Ca(IO3)2(s) ⇌ Ca^(2+)(aq) + 2IO3^(-)(aq)
First, you poured 30 mL of 0.100 M Ca^(2+) solution over a 2.000 g sample of solid Ca(IO3)2 and allowed the mixture to sit for 30 minutes. Some of the solid dissolved, causing the calcium ion concentration to increase by a certain quantity and the iodate concentration to increase by two times that certain quantity. Next, you isolate the filtrate through gravity filtration. What do you expect the iodate concentration to be in the filtered solution? How would the iodate concentration differ if only a 0.500 g sample of the solid was used? What if the solvent was water instead?

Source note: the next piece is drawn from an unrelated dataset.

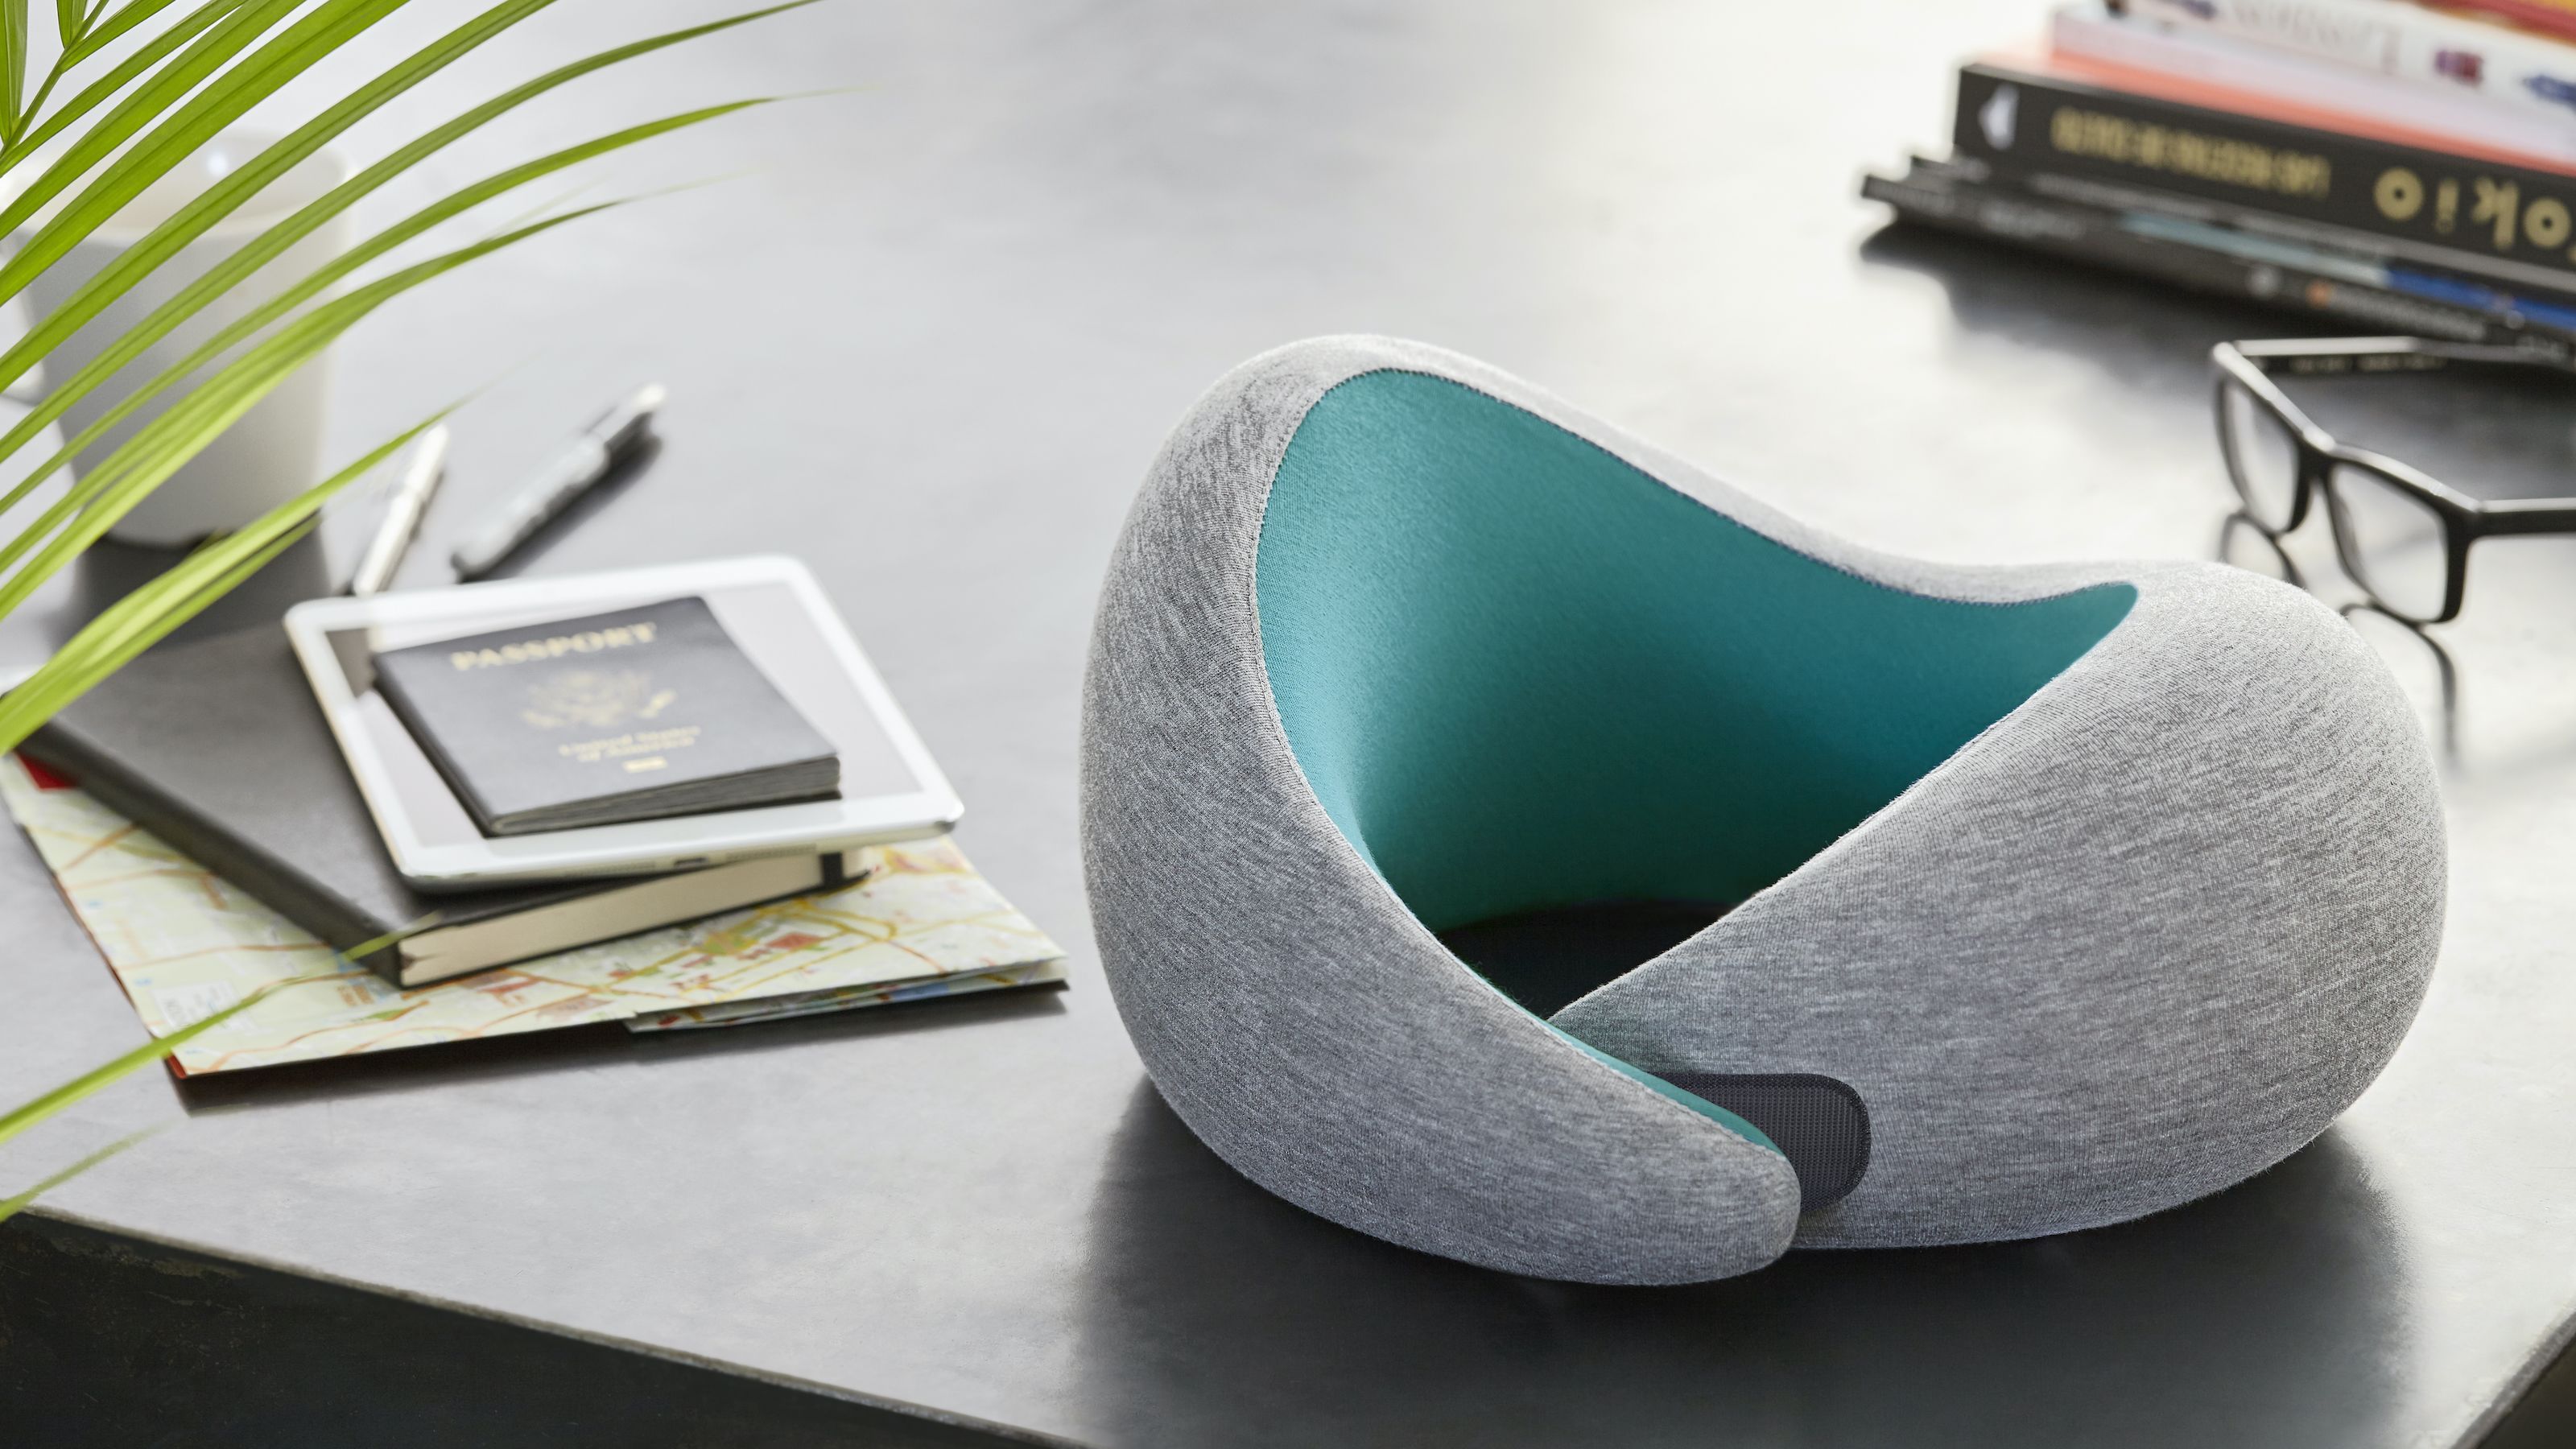 The Ostrichpillow Go Neck Pillow: Why it’s the perfect travel companion

Chemistry - DrBob222, Sunday, February 7, 2010 at 12:13am
This is a solubility product problem with Ca^+2 as a common ion.
Ca(IO3)2 ==> Ca^+2 + 2IO3^-
Ksp = (Ca^+2)(IO3^-)^2
If we call the solubility of Ca(IO3)2 = X, then (Ca^+) = X in the equilibrated solution and (IO3^-) = 2X.
Now plug those values into Ksp.
(0.1 + X)(2X)^2 = Ksp.
Solve for X and multiply by 2 to find IO3^-.
Next, no difference if 0.5 g sample of Ca(IO3)2 used. Finally, your last question doesn't make any sense? The solvent IS water isn't it? instead of what? It dissolves in water.